# Malen wie mit Wasserfarbe



## Banane (22. Oktober 2007)

Moinsen,

ich habe mir jetzt ein Grafiktablet besorgt (ausgeliehen) und spiele gerade so ein wenig rum mit Photoshop CS 2 und frage mich ob es soetwas gibt wie Wasserfarben.
Mein Ziel ist es wenn man öfter über eine Stelle malt wird diese Stelle dunkler (ohne das man den stift neu ansetzen muss) oder wenn man mit Gelb über einen Blauen Strich fährt das dieser Grün wird ist so etwas möglich ?

Das er je nach Druck die stärke ändert gefällt mir nicht wirklich und ist auch nicht das was ich gerne haben möchte.

Danke schonmal im vorraus, die suche hat mir leider keine antwort gebracht 

mfg


----------



## Michael Aringer (23. Oktober 2007)

Hi,

die Stärkenänderung kann man in Photoshop bei den Pinseleigenschaften auch abschalten.

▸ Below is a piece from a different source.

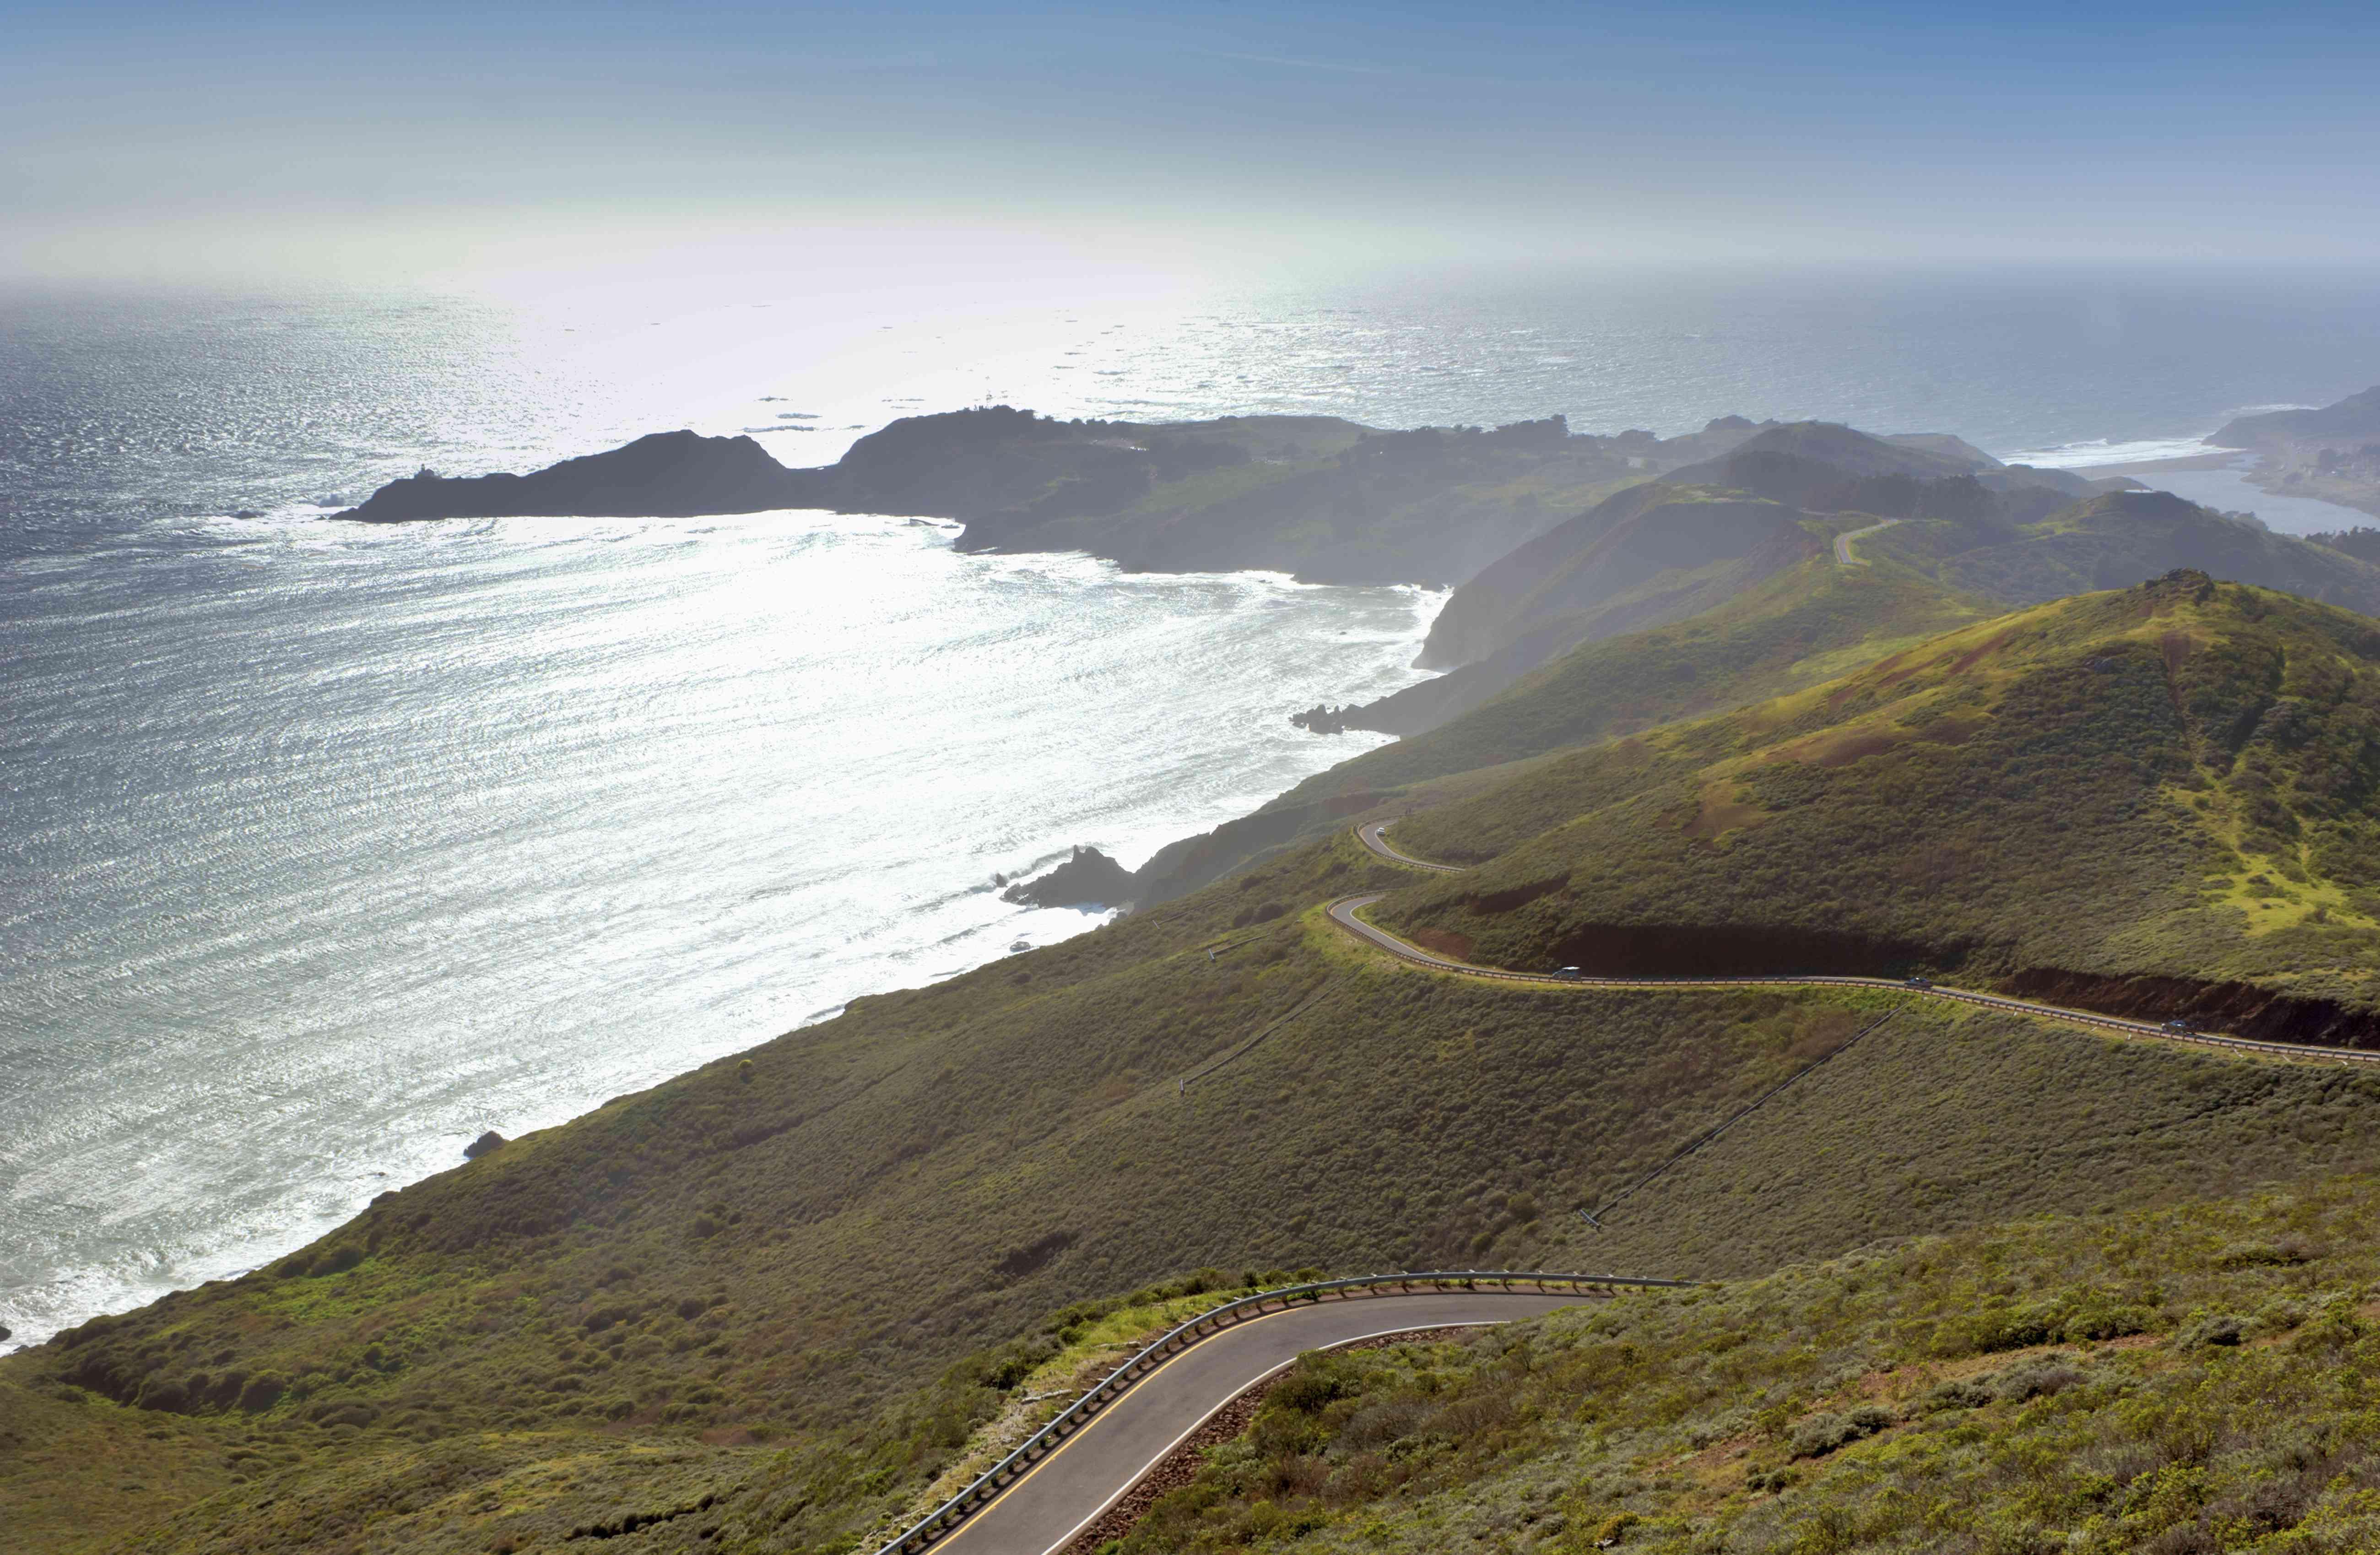 Vista de Marin Headlands y Océano Pacífico

Was das Malen mit Aquarell betrifft, so kann ich da Corel Painter empfehlen. Wenn es weniger realistisch sein kann dann könnte dieser Link vielleicht weiterhelfen.

Servus, Michael


----------



## BSE Royal (23. Oktober 2007)

Was das "öfter über eine Stelle malen betrifft:

Aktiviere in den Pinseloptionen das Airbrushsymbol und stelle den Wert für "Fluss" wie gewünscht ein. Je höher der Wert, desto schneller flieeßt die Farbe bis zum Maximalauftrag.

lg, Philip


----------